One fundamental problem is the split between the communities. There are a group of people trying to save the world, and there is an increasing number of people trying to survive. The decrease in middle-income groups is a wake-up call for everyone, especially degrowthism. The rise in food prices is worrisome. On the one hand, you have fewer jobs, more poverty. On the other hand, you have booming food inflation and tax regimes.


China and the US are expected to continue their growth trajectory. At the same time, Europe may be a laggard. Germany may end up closing for another number of weeks. The vaccination speed is one parameter, but the population's minimum share to be vaccinated is another important point.

In this digital age, measles has been resurrected due to conspiracy theories spread over the digital platforms. More parents refrain from vaccinating their toddlers. When it comes to covid19, the success of US vaccination may need more time and people. If an important share of adults rejects inoculations, herd immunity may never happen. In addition to that, Ugur Sahin, founder of BioNTech, believes there may be third doses and more doses for every 12-18 months. This thing will not disappear anytime soon.

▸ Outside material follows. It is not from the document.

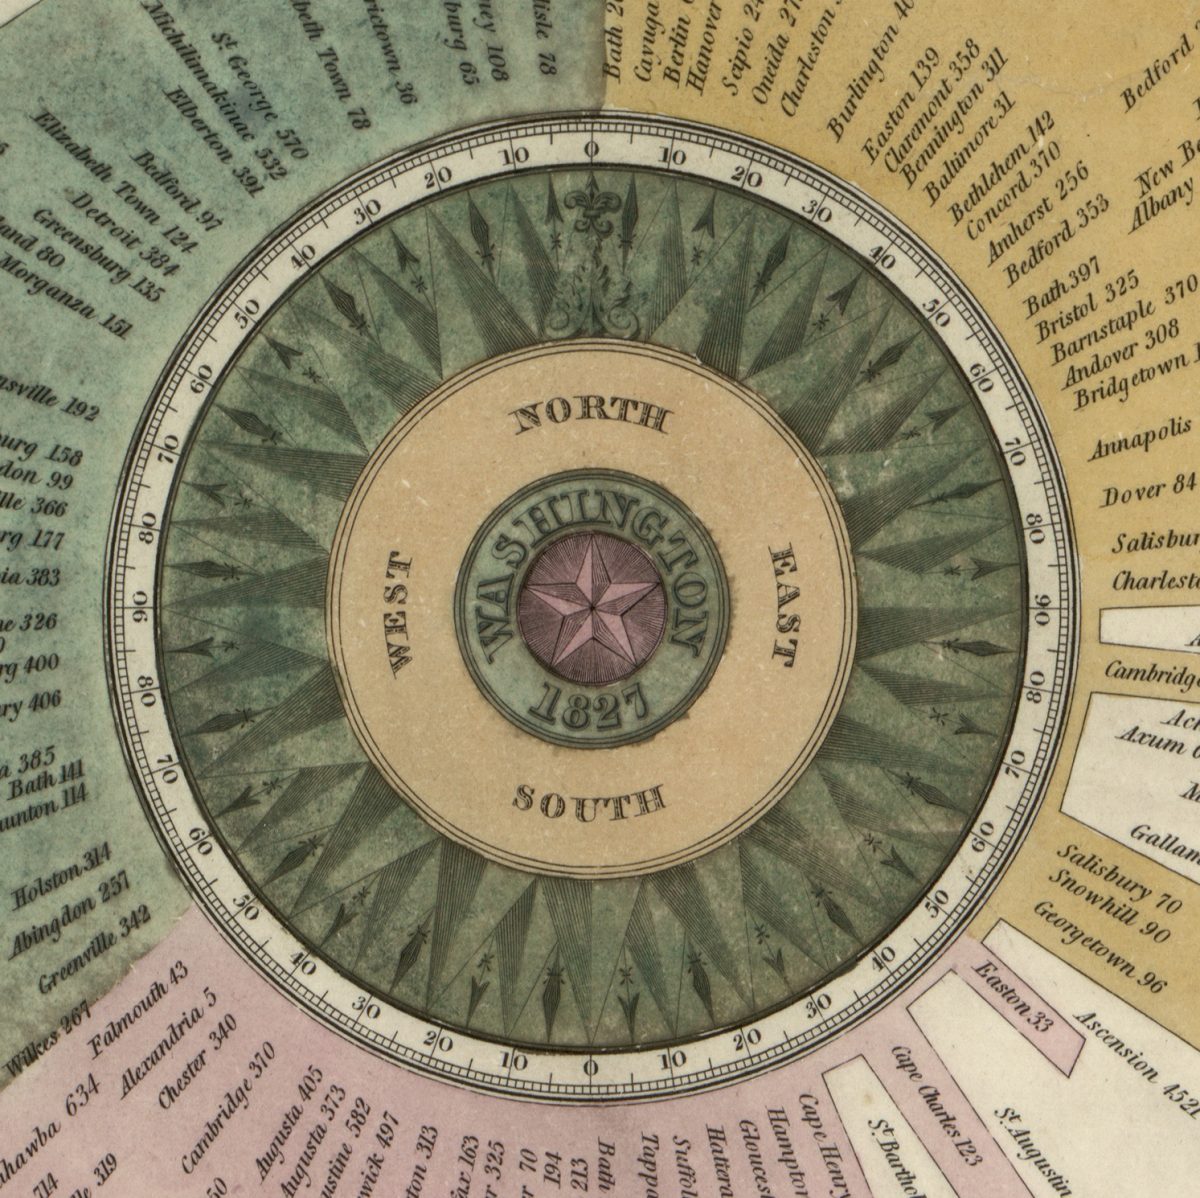 Compendious chart exhibiting, at one view, the names of about thirteen hundred of the principal ports and places in the world, with their bearings per compass, and their distances expressed in geographical miles, from the city of Washington

So the reference scenario becomes the Covid19 to last until 2022-2023. The regular outbreaks may prolong energy demand stagnation in emerging countries. Probably we will have five months of higher activity and five months of covid related restricted activity periods. Inflation is not a good thing for the already punched-down middle class. US looks like trying to balance OPEC+ decisions with more oil supply coming out of sanctions. The lower oil prices are already affecting Middle Eastern countries.

The picture does not look bright. But the digital transformation that has been accelerated in the past couple of months may further speed up. Post Ramadan period in the Middle East has to be watched carefully. Drone-based attacks on Saudi Arabia will probably evolve into the next stage. I may call 75 $/barrel as the July-August price for oil, but the Biden administration may open Iran and Venezuela's gates and let it stay below 45-55$/barrel. I bet on neither. However, one question remains open. They were the faithful consumers of energy products and the source of demand growth. Who will save the middle class from the extended crisis?